Eğitim

Mevzuata uymayan yabancı okullara ültimatom!

Milli Eğitim Bakanı Yusuf Tekin, Türkiye'deki Fransız okullarının mevzuata uyum sağladıkları takdirde eğitimlerine devam edebileceklerini belirtti. Tekin, mevzuata uymayan okulların eğitim faaliyetlerine son verileceğini vurguladı.

Loading...

Abone Ol

Türkiye’nin eğitim sisteminde yasal mevzuatı olmayan okulların durumu, Milli Eğitim Bakanlığı tarafından gündeme getirildi. Bakan Yusuf Tekin, bu okulların mevcut eğitim mevzuatında yer almadıklarını, dolayısıyla mevzuat içerisine girmemeleri durumunda eğitim faaliyetlerine devam edemeyeceklerini ifade etti. Tekin, “Bu okullar normal koşullarda bizim mevzuatımızda yer almayan okullar. Dolayısıyla mevzuat içerisine girerlerse eğitim öğretimlerine devam ederler, girmezlerse yok hükmündedirler. Herhangi bir denklikleri olmayacak. Zaten de yok,” dedi.

Milli Eğitim Bakanlığı, uluslararası sözleşmelerin bu okulların hukuki statüye kavuşması için önemli bir adım olduğunu vurguladı. Bakanlık yetkilileri, “Arzu ettiğimiz şey, yasal mevzuatımız çerçevesinde ve anayasamızın 90. maddesi uyarınca, ülkelerle yapılan uluslararası anlaşmaların hayata geçirilmesidir. Bu nedenle, bu okulların hukuki statüye kavuşması için uluslararası bir sözleşme yapılmasını istiyoruz,” açıklamasında bulundu. Bakanlık, bu çerçevede Fransa ve Pakistan ile görüşmelerin sürdüğünü belirtti.

Yetkililer, Türkiye’nin yasal dayanağı olmayan 12 okulun uluslararası bir sözleşme ile karşılıklı anlaşma zemini oluşturulmasını planladıklarını açıkladı. “Fransa ve Pakistan’da görüşmelerimiz devam ediyor. Uluslararası sözleşme yapıldıktan sonra, öncelikle Türk vatandaşlarımızın çocuklarının eğitim hakkını güvence altına almayı hedefliyoruz,” diye eklediler.
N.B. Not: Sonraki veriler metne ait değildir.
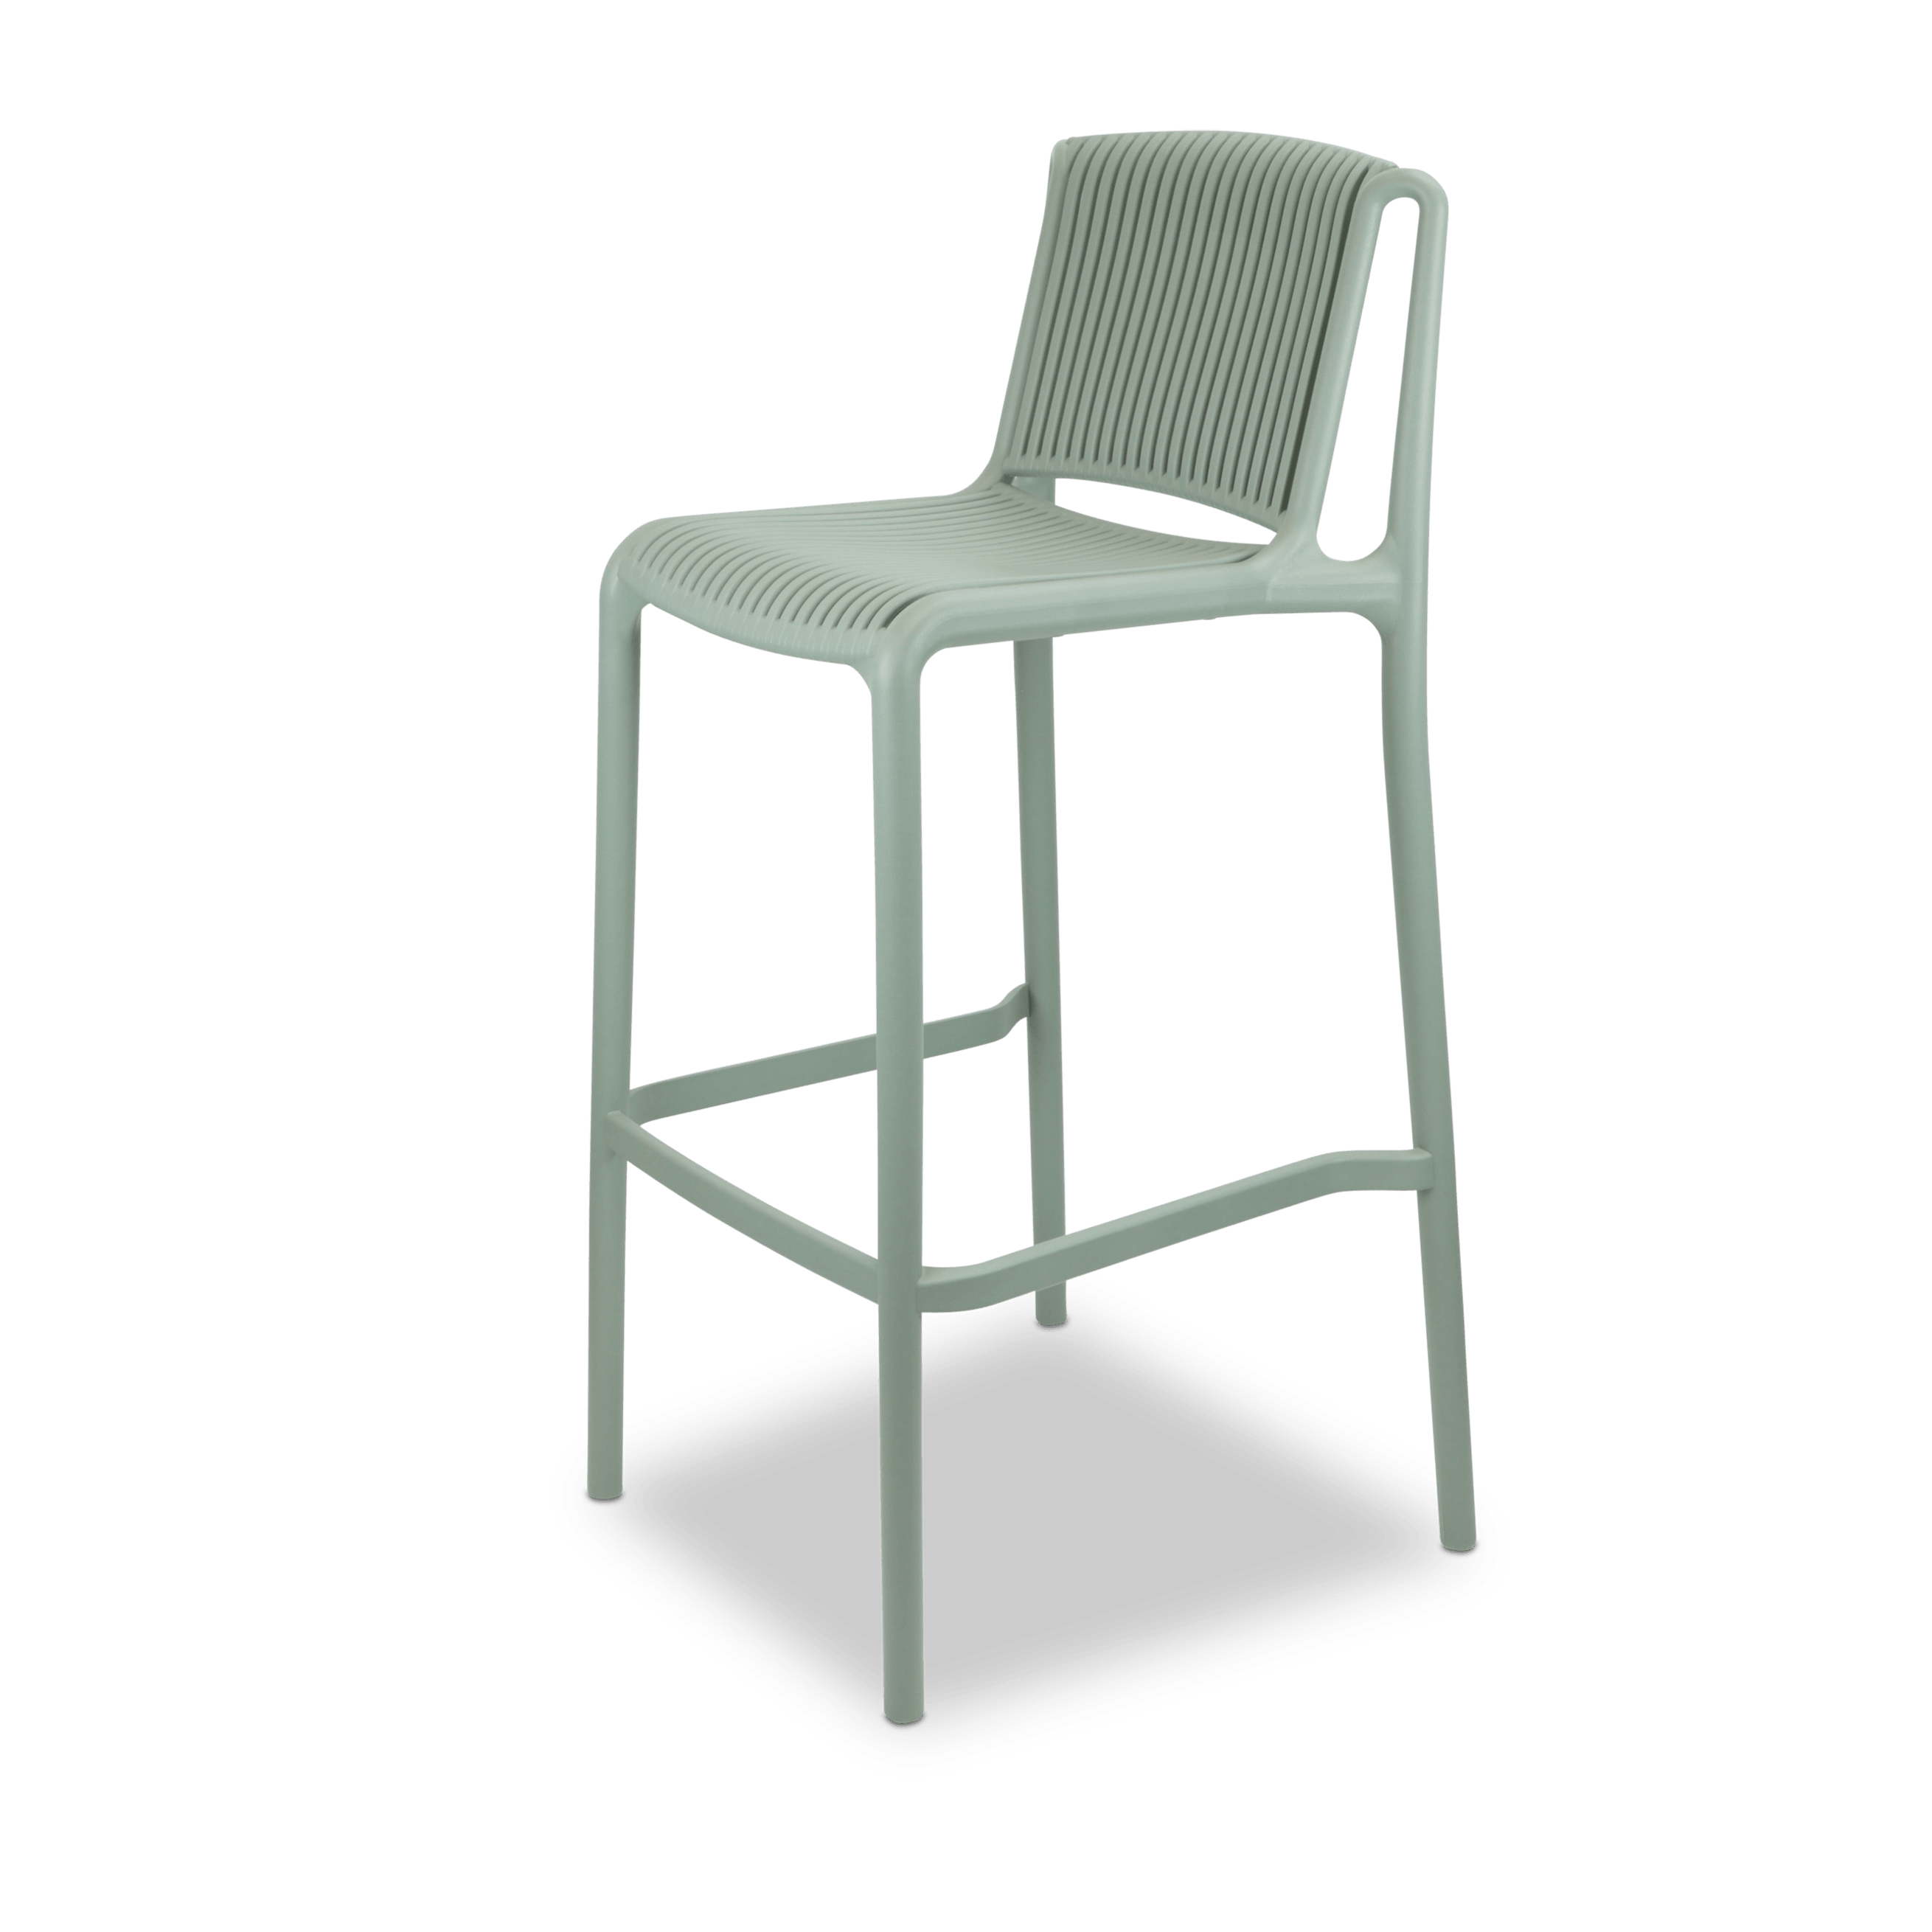 Cafe Collection Round 3pc Bar Suite in Gunmetal with UV Plastic Bar Stools (PP)

Milli Eğitim Bakanlığı, 1993 yılından beri Fransa’ya bu konuda uyarılarda bulunduğunu, ancak bugüne kadar somut bir adım atılmadığını belirtti. "Hükümetler, 1993’ten beri bu konuda sürekli uyarılarda bulundu, ancak hiçbir adım atılmadı. Amacımız, karşılıklı uluslararası sözleşmeler yaparak bu sorunu çözmektir,” ifadeleri kullanıldı.